The police are keeping Leyla Gireeva of Ingushetia, 18, under custody in Saint Petersburg. Gireeva recently left her family home due to domestic violence, as per NC SOS, Rotonda, and Marem, a human rights group.

Gireeva left her family home for Saint Petersburg on 14 November. She found out several days ago that she was wanted, declared charges unknown.

Today, her relatives found the apartment she has been hiding in. Gireeva recorded several videos, sharing the details of violence used by her relatives, including her father. She also noted that she had left home voluntarily, being a full-grown person in legal terms.

“Please do not extradite me to my relatives. They’ll start stuffing five antidepressant pills into me each day to cure me of atheism as they did before. They will hit me with a stick. I don’t want to return to this hell, I will kill myself if I return,” Gireeva said in one of the videos.
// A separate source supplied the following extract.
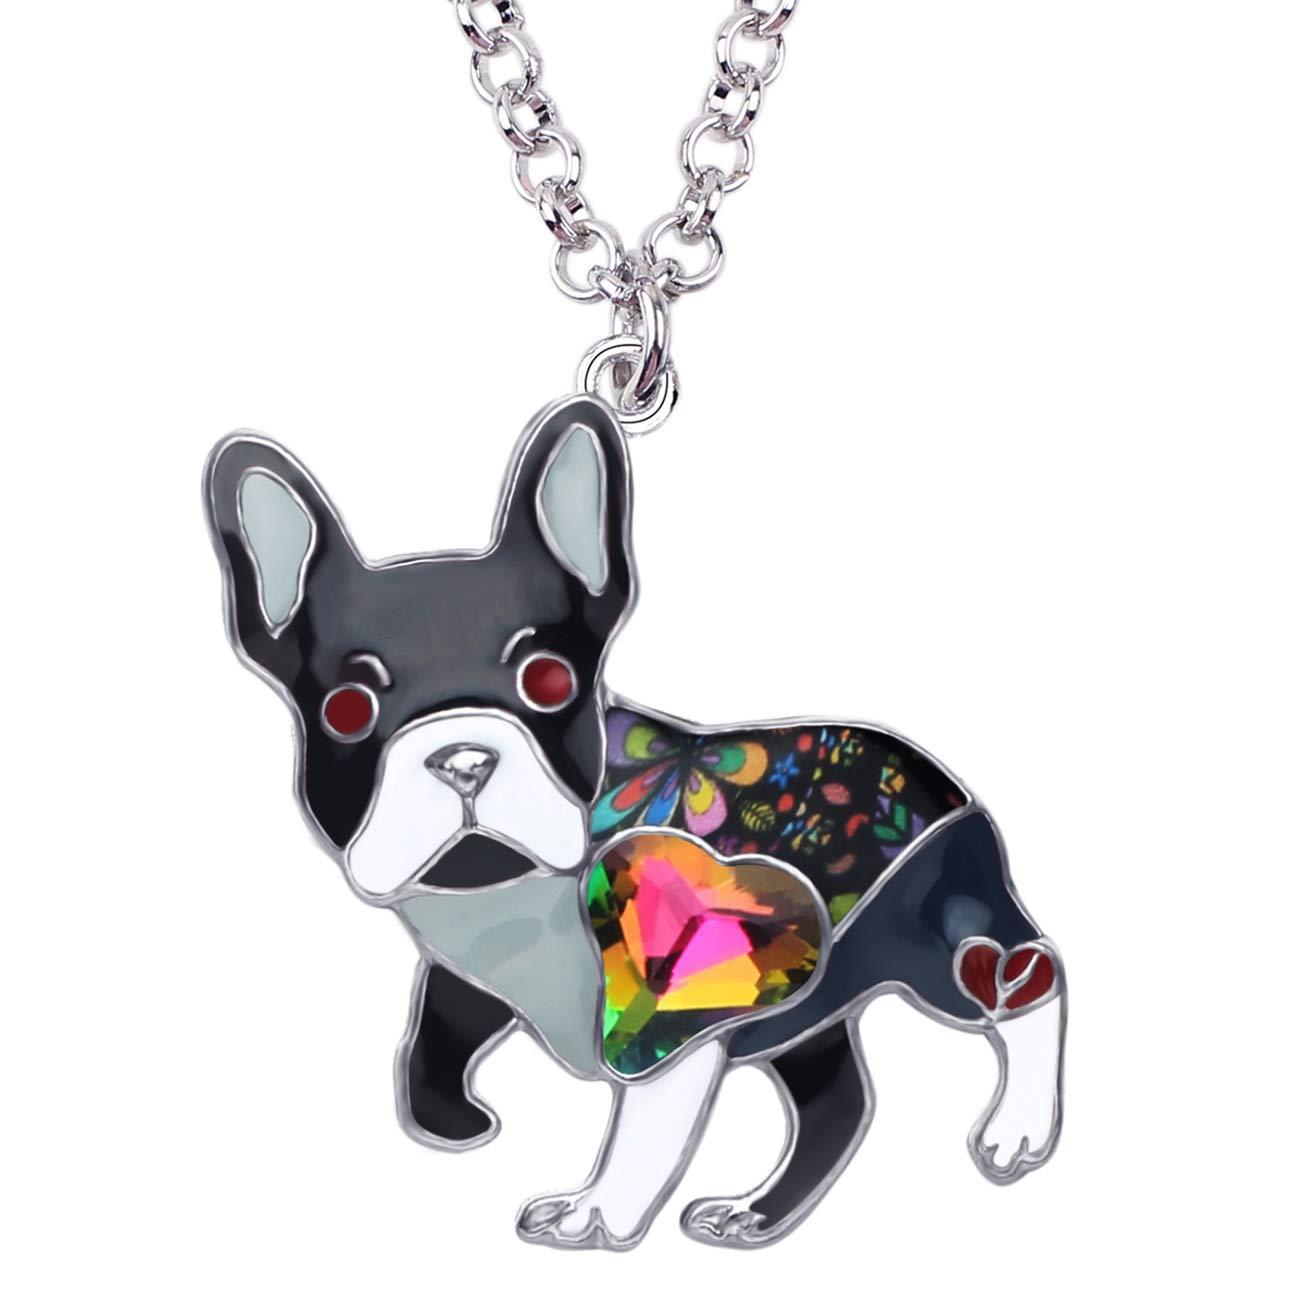 BONSNY Statement Enamel Rhinestone French Bulldog Necklaces Pendant Original Design for Women Kids Jewelry

The videos were published by Marem, a human rights group Gireeva contacted after leaving home.

Gireeva says that her father is a former security officer, and her uncle is an active police major. Today, when Gireeva’s relatives attempted to break into her apartment, the young woman called the police. She was taken to a police station together with her family where it turned out that she was wanted for theft, said Svetlana Anokhina, the founder of Marem. Gireeva is still inside the police station.
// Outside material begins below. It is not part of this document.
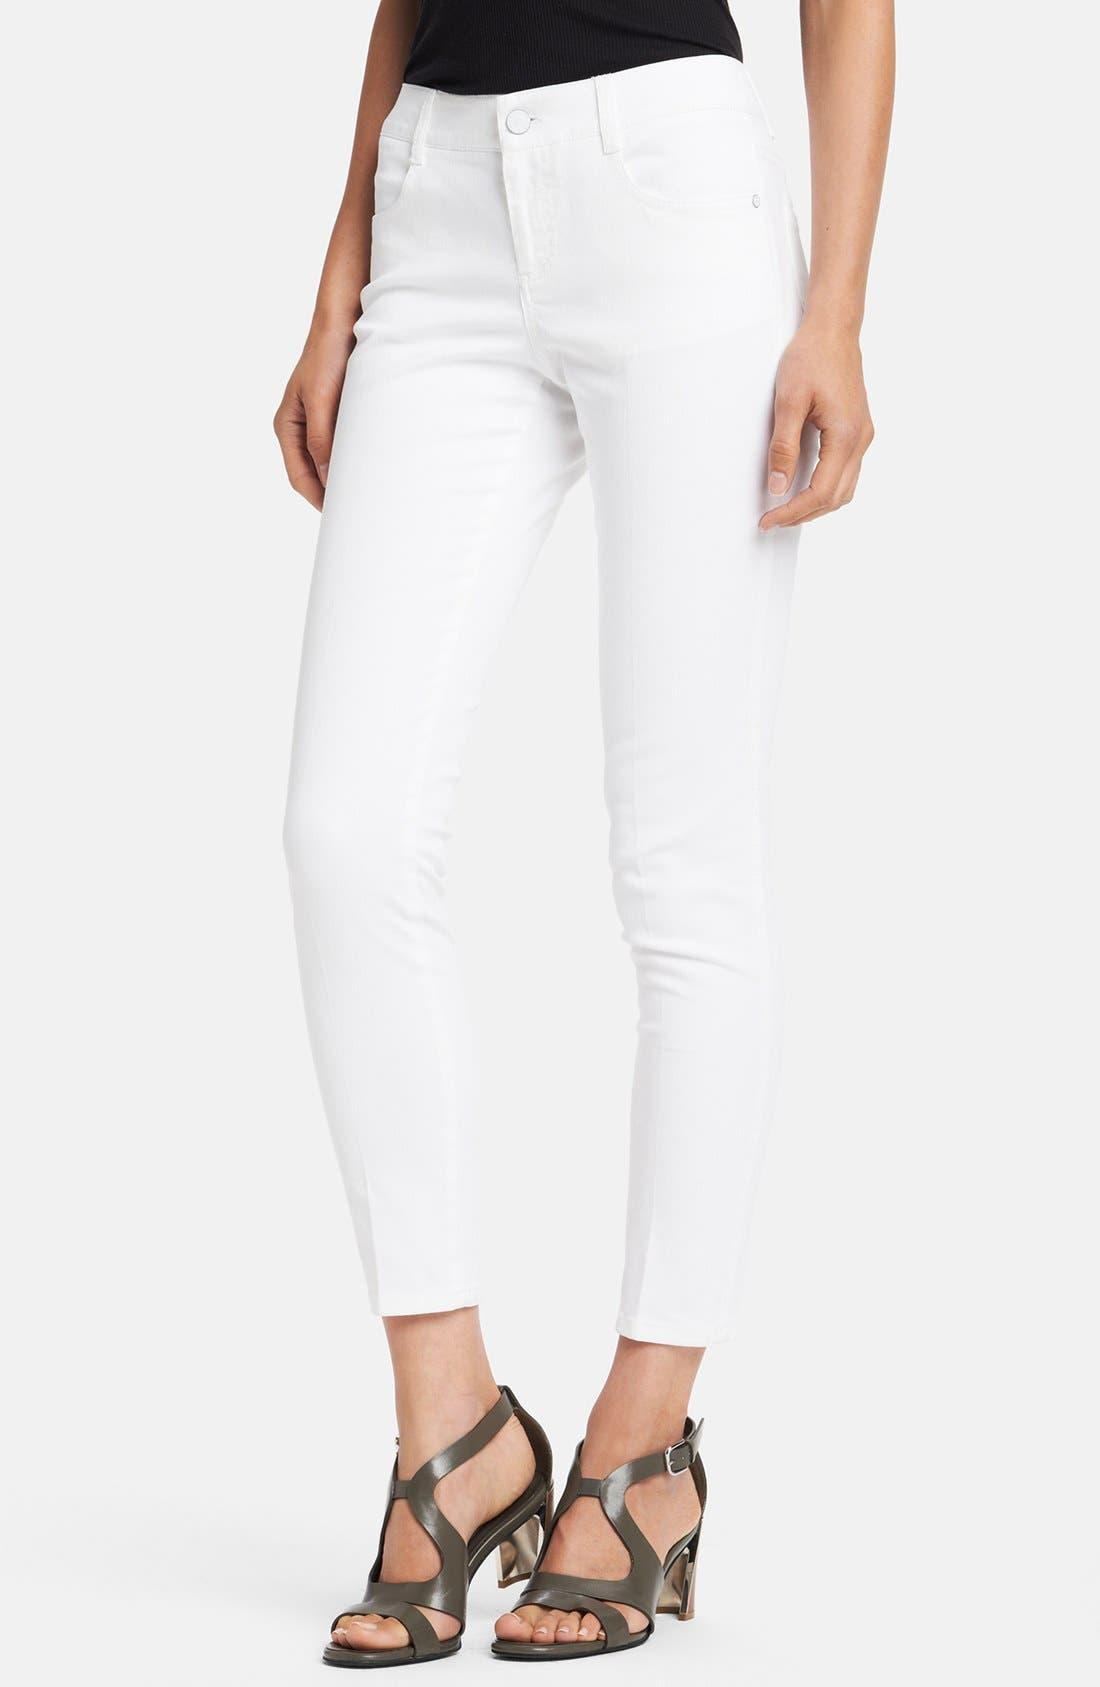 Main Image - Stella McCartney 'Simone' Skinny Ankle Grazer Jeans

NC SOS says the police are holding the girl under custody “until the circumstances are clarified” and are awaiting the arrival of security forces from Ingushetia. Gireeva’s lawyer Alexander Peredruk who has now also arrived at the police station, told Rotonda that they want to send the young woman home.

Vladislav Khorev, an activist, also arrived at the police station, but was detained by the police. Khorev was taken to the Center for Combating Extremism in St. Petersburg, he is currently out of touch.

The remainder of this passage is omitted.